===== TASK MATERIAL

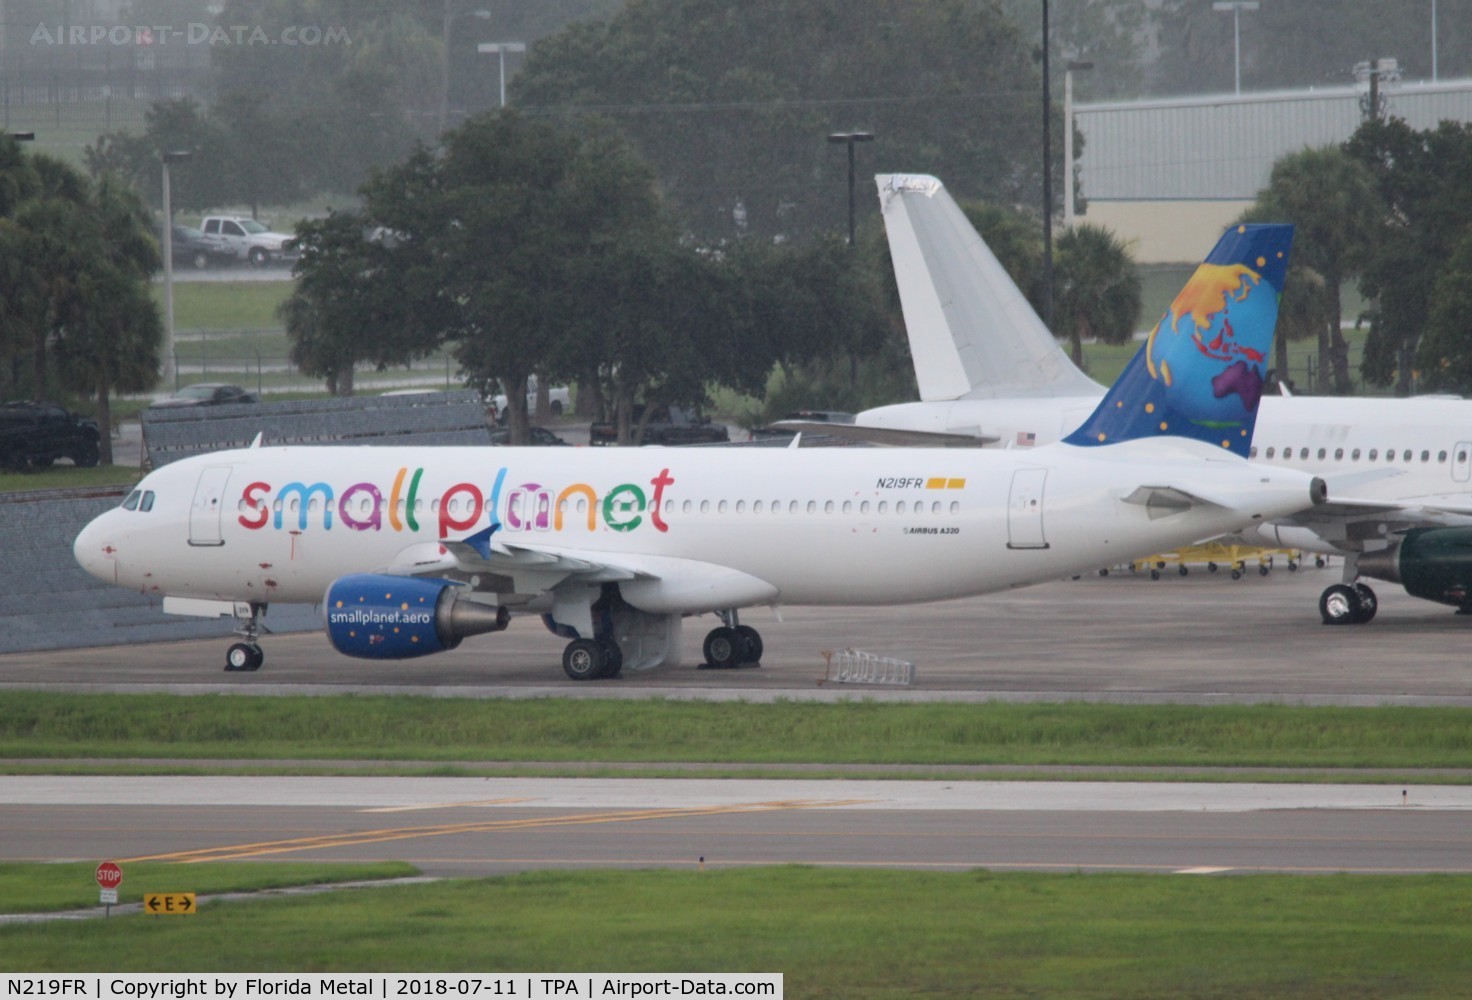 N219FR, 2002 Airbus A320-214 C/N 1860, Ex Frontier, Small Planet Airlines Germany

==========
===== TASK MATERIAL

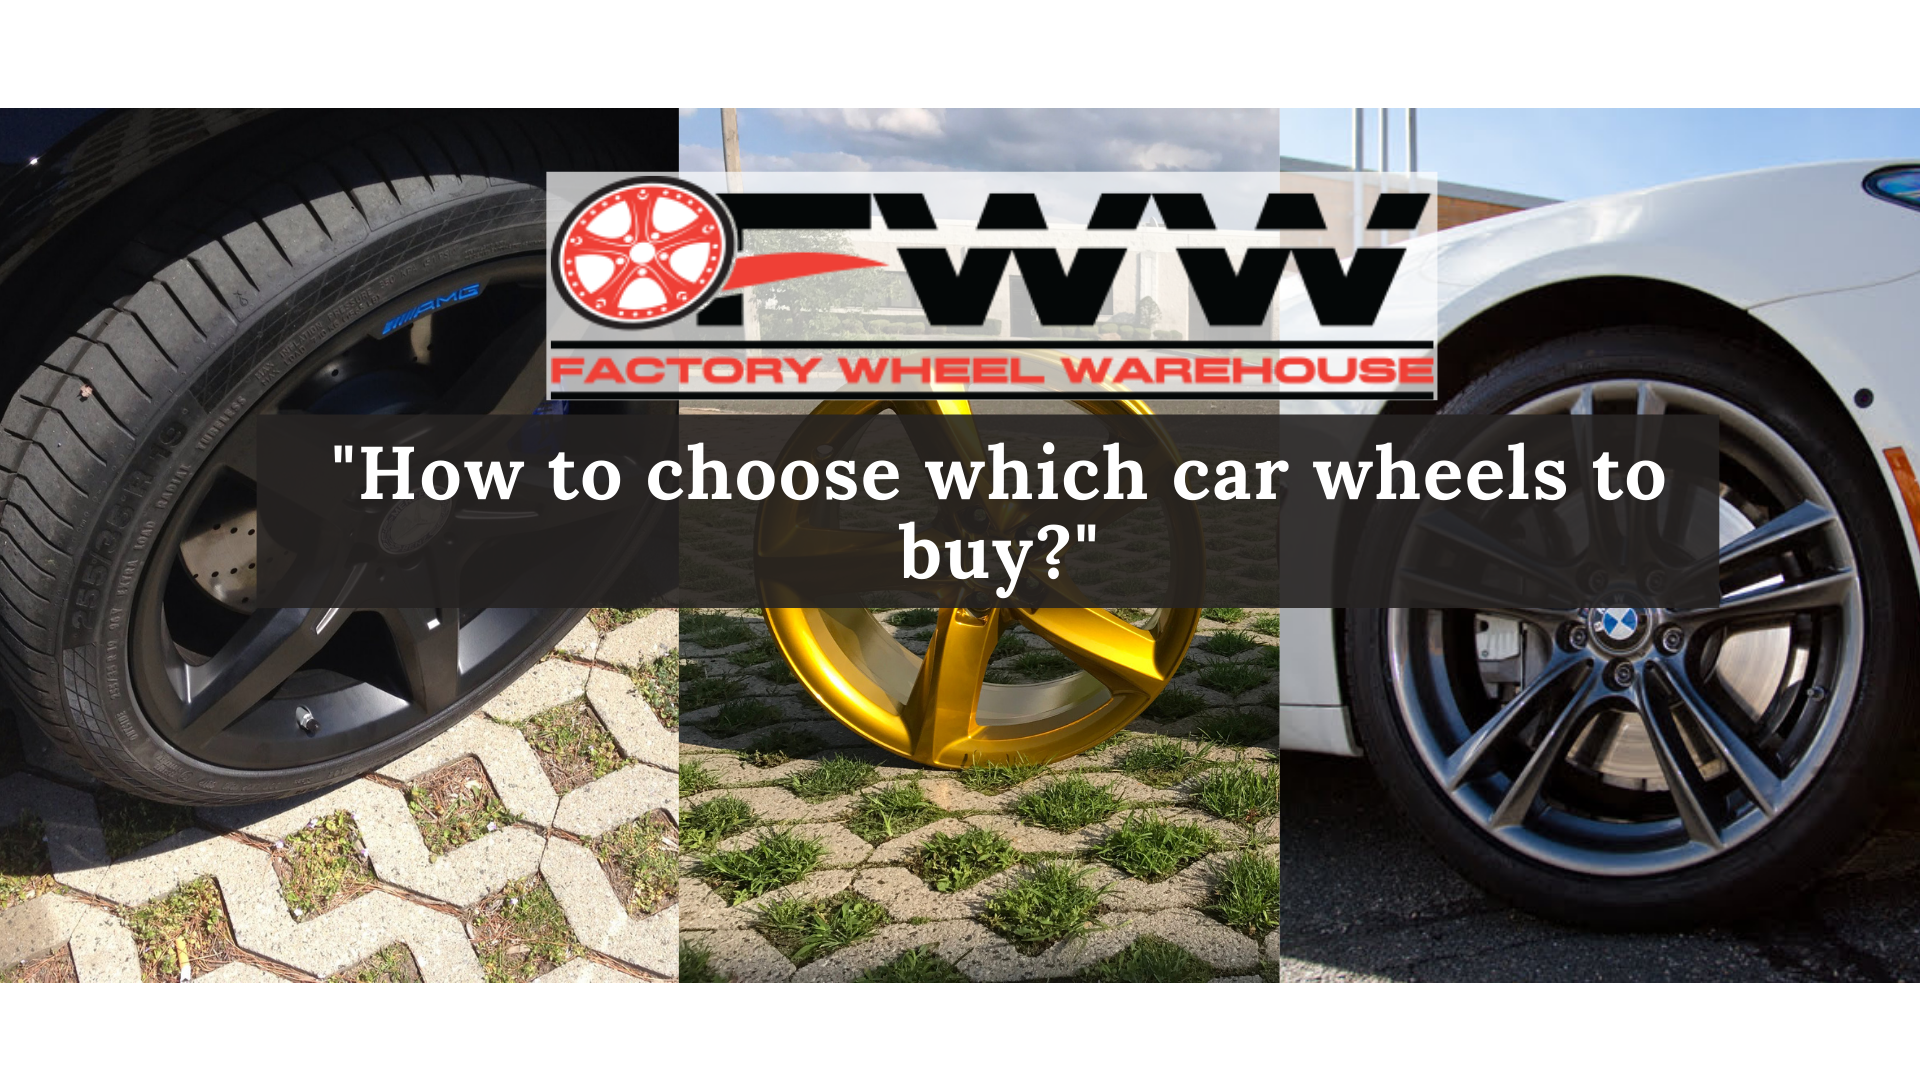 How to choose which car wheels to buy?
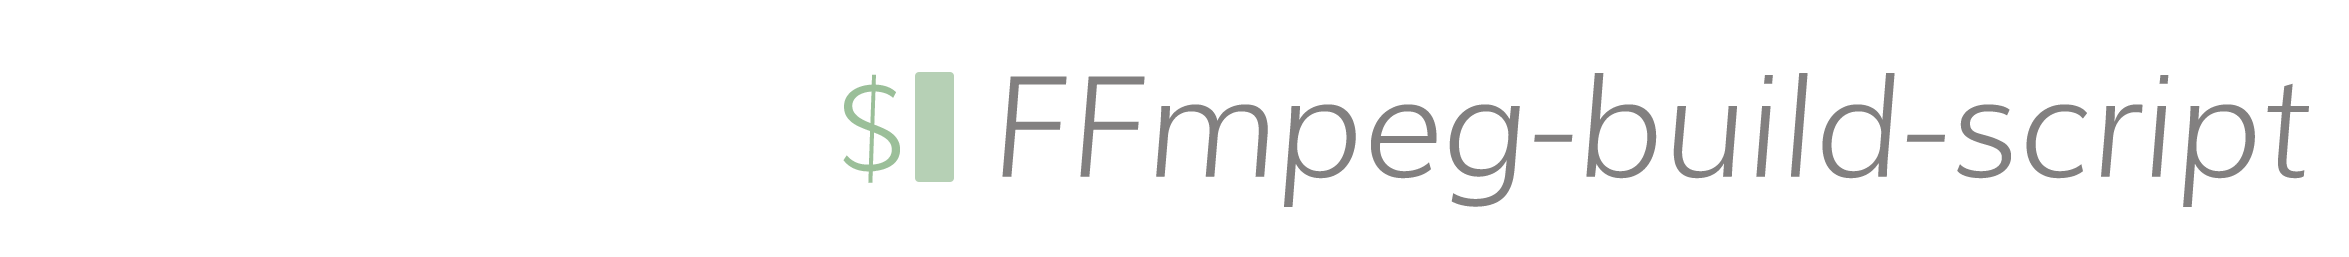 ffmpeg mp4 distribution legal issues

==========

▶ _WHAT TO DO_
When copying from the data above, print only the lines from the line containing "How to choose which car wheels to buy?" to the line containing "ffmpeg mp4 distribution legal issues", exactly, and leave the pictures out.

▶ _EXPECTED OUTPUT_
 How to choose which car wheels to buy?
 ffmpeg mp4 distribution legal issues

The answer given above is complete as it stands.